Occasionally, we are not interested in the concrete value of~$c$,
so we simply say that the family is \em{universal.}
}
\note{
We will assume that a~function can be chosen from the family uniformly
at random in constant time. Once chosen, it can be evaluated for any~$x$
in constant time.

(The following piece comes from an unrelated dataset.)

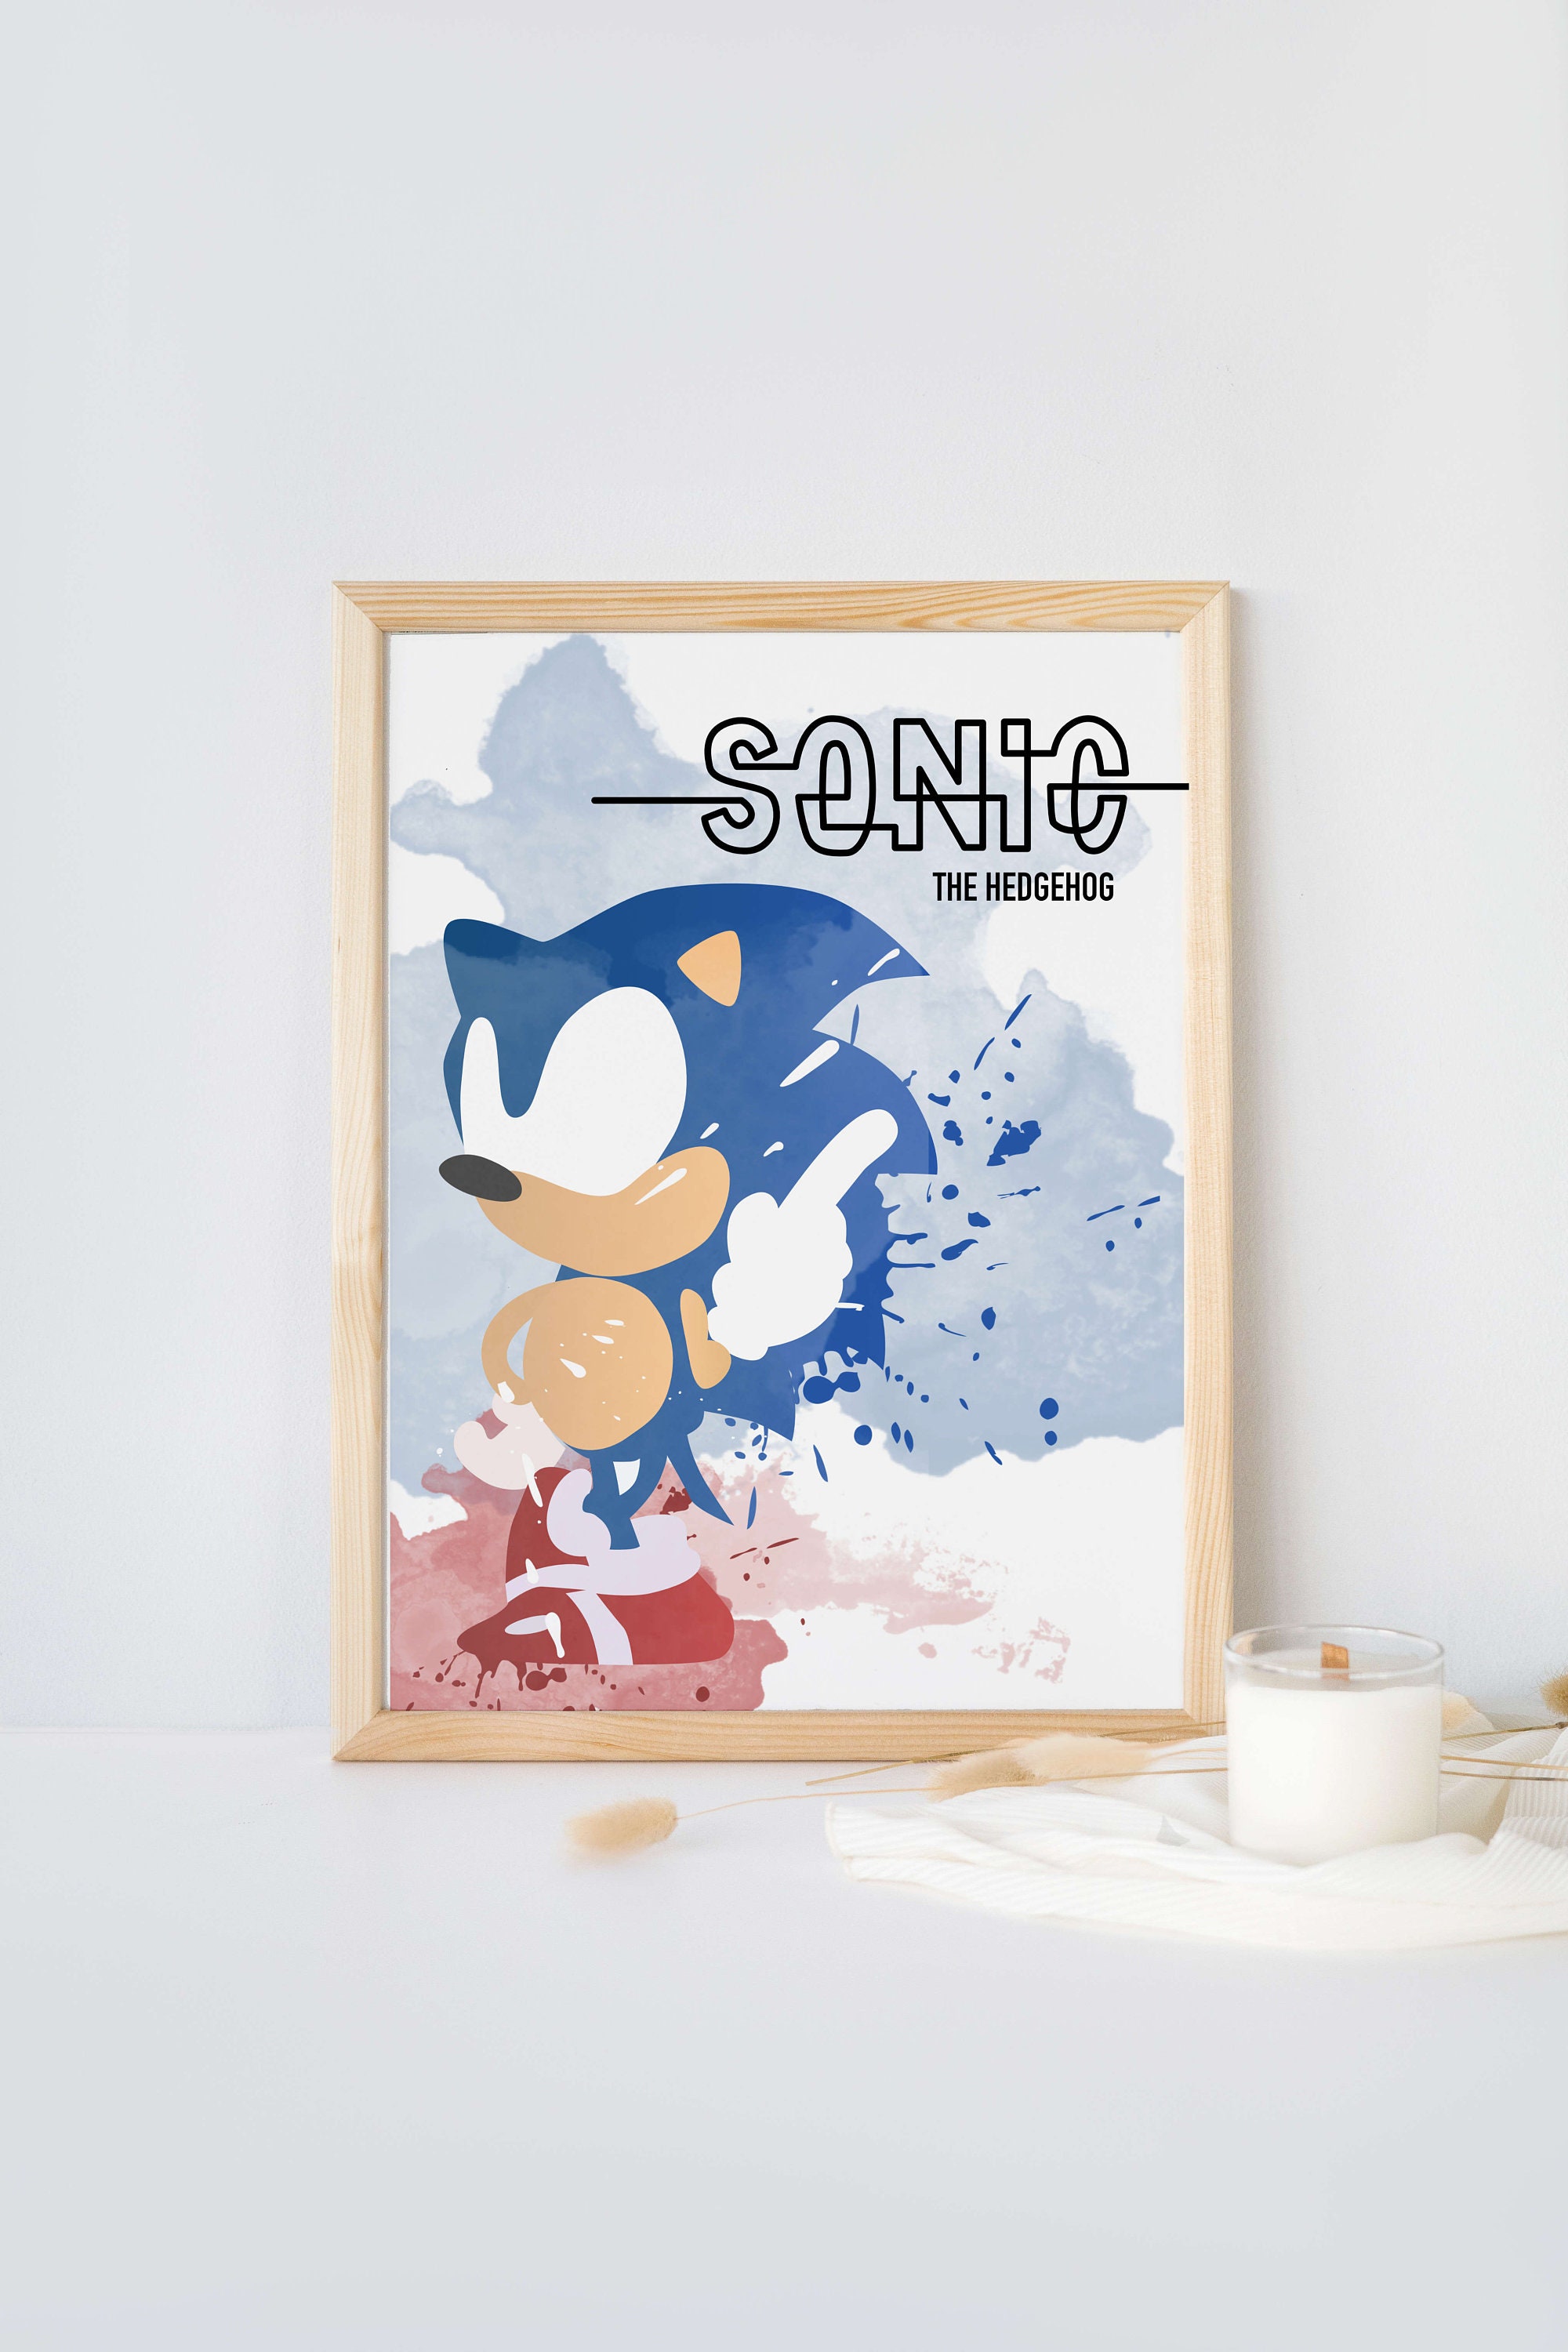 Sonic The Hedgehog 3 poster by me! What do you guys think? : r/SonicTheMovie

Typically, we define a~single parametrized function $h_a(x)$
and let the family $\cal H$ consist of all~$h_a$ for all possible choices of
the parameter~$a$. Picking a~random $h\in{\cal H}$ is therefore implemented
by picking a~random~$a$. Technically, this makes~$\cal H$ a~multi-set, since
different values of~$a$ may lead to the same function~$h$.
}
\theorem{Let $\cal H$ be a~$c$-universal family of functions from~$\Uu$ to~$[m]$,
$X=\{x_1,\ldots,x_n\} \subseteq \Uu$ a~set of items stored in the data structure,
and $y\in\Uu\setminus X$ another item not stored in the data structure. Then
we have
$$
\E_{h\in{\cal H}} [\#i: h(x_i) = h(y)] \le {cn\over m}.
$$
That is, the expected number of items that collide with~$y$ is at most $cn/m$.
}
\proof
Let~$h$ be a~function picked uniformly at random from~$\cal H$.
We introduce indicator random variables
$$
A_i = \cases{
1 & \hbox{if $h(x_i) = h(y)$,} \cr
0 & \hbox{otherwise.} \cr
}
$$
Expectation of zero-one random variables is easy to calculate:
$\E[A_i] = 0\cdot\Pr[A_i=0] + 1\cdot\Pr[A_i=1] = \Pr[A_i=1] = \Pr[h(x_i) = h(y)]$.

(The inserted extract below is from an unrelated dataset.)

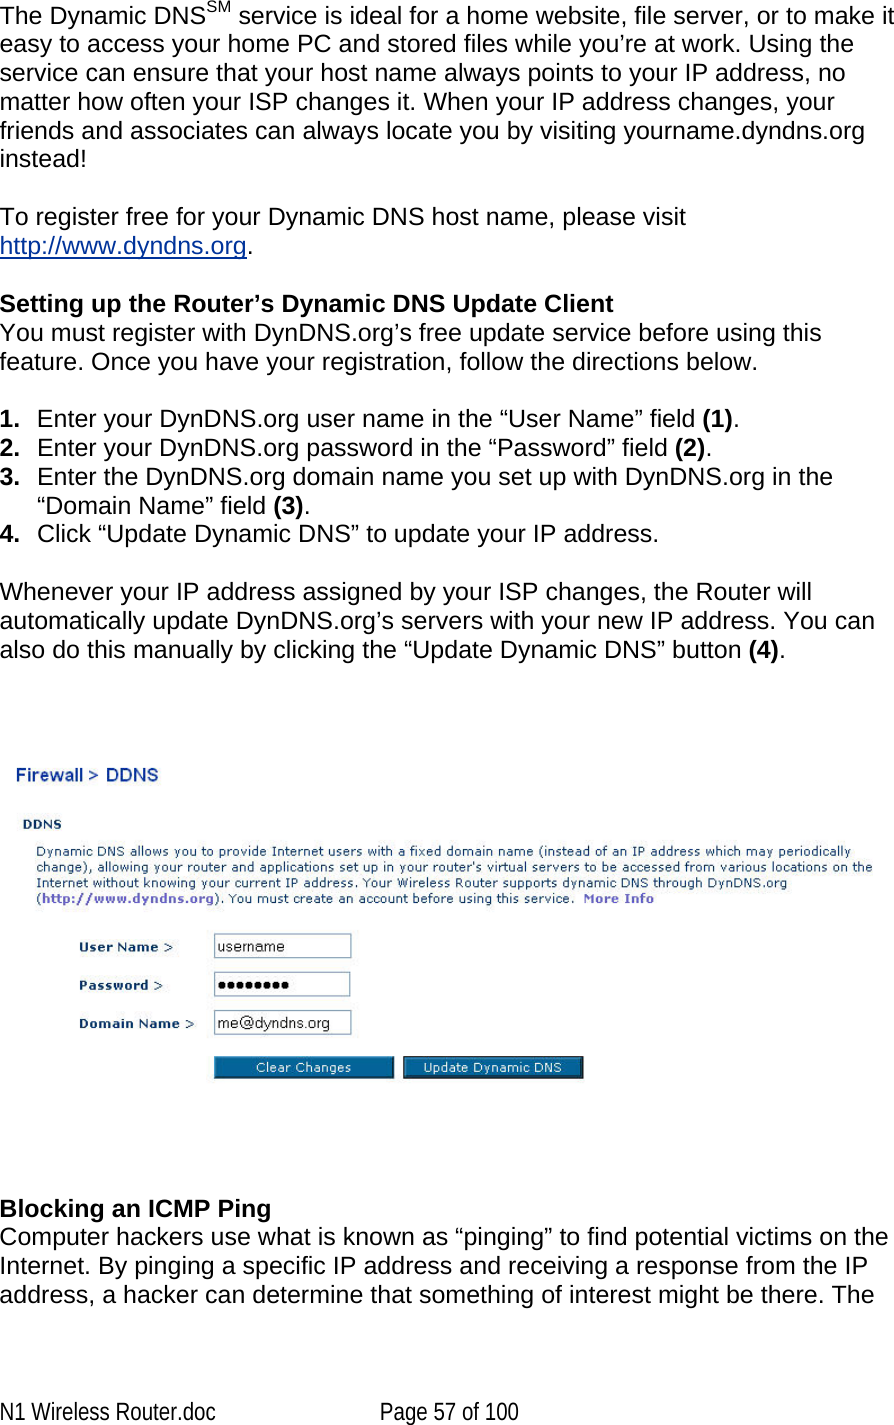   The Dynamic DNSSM service is ideal for a home website, file server, or to make it easy to access your home PC and stored files while you’re at work. Using the service can ensure that your host name always points to your IP address, no matter how often your ISP changes it. When your IP address changes, your friends and associates can always locate you by visiting yourname.dyndns.org instead! To register free for your Dynamic DNS host name, please visit http://www.dyndns.org. Setting up the Router’s Dynamic DNS Update Client You must register with DynDNS.org’s free update service before using this feature. Once you have your registration, follow the directions below. 1.  Enter your DynDNS.org user name in the “User Name” field (1). 2.  Enter your DynDNS.org password in the “Password” field (2). 3.  Enter the DynDNS.org domain name you set up with DynDNS.org in the “Domain Name” field (3). 4.  Click “Update Dynamic DNS” to update your IP address. Whenever your IP address assigned by your ISP changes, the Router will automatically update DynDNS.org’s servers with your new IP address. You can also do this manually by clicking the “Update Dynamic DNS” button (4).       Blocking an ICMP Ping  Computer hackers use what is known as “pinging” to find potential victims on the Internet. By pinging a specific IP address and receiving a response from the IP address, a hacker can determine that something of interest might be there. The N1 Wireless Router.doc  Page 57 of 100

Because $\cal H$ is universal, this probability is at most $c/m$.
The theorem asks for the expectation of a~random variable~$A$, which counts~$i$
such that $h(x_i) = h(y)$. This variable is a~sum of the indicators~$A_i$.
By linearity of expectation, we have
$\E[A] = \E[\sum_i A_i] = \sum_i \E[A_i] \le \sum_i c/m = cn/m$.
\qed
\corrn{Complexity of hashing with chaining}{
Consider a~hash table with chaining which uses $m$~buckets and a~hash function~$h$
picked at random from a~$c$-universal family. Suppose that the hash table contains
items $x_1,\ldots,x_n$.
\tightlist{o}
\:Unsuccessful search for an~item $y$~distinct from all~$x_i$
visits all items in the bucket $h(y)$. By the previous theorem,
the expected number of such items is at most $cn/m$.

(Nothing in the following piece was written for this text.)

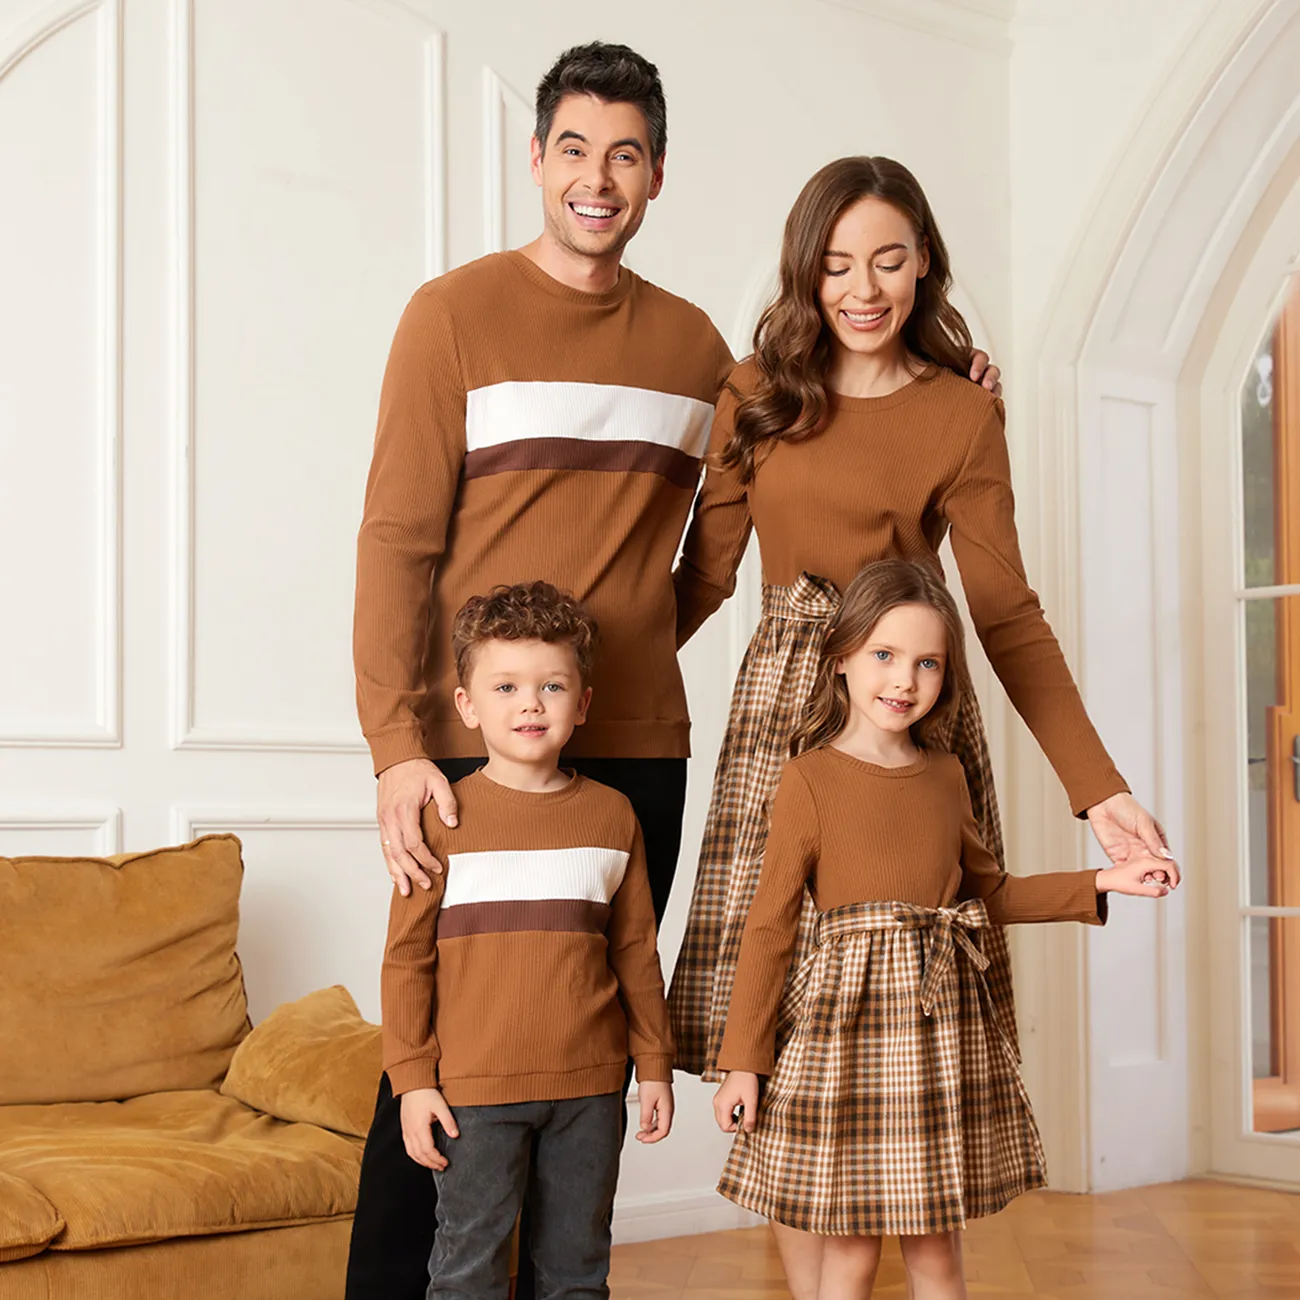 Family Matching Coffee Ribbed Spliced Plaid Belted Dresses and Long-sleeve Colorblock Tops Set Coffee big image 1

\:Insertion of a~new item~$y$ to its bucket takes constant time, but we have to verify
that the item was not present yet. If it was not, this is equivalent
to unsuccessful search.
\:In case of a~successful search for~$x_i$, all items visited in $x_i$'s bucket
were there when $x_i$~was inserted (this assumes that we always add new
items at the end of the chain). So the expected time complexity of the
search is bounded by the expected time complexity of the previous
insert of~$x_i$.
\:Unsuccessful insertion (the item is already there) takes the same time
as successful search.
\:Finally, deletion takes the same time as search (either successful or unsuccessful).
\endlist
Hence, if the number of buckets~$m$ is $\Omega(n)$, expected time complexity
of all operations is constant. If we do not know how many items will be inserted, we can
resize the hash table and re-hash all items whenever~$n$ grows too much. This is similar to the
flexible arrays from section \secref{amortsec} and likewise we can prove that
the amortized cost of resizing is constant.
}
\defn{Let $\cal H$ be a~family of functions from~$\Uu$ to~$[m]$.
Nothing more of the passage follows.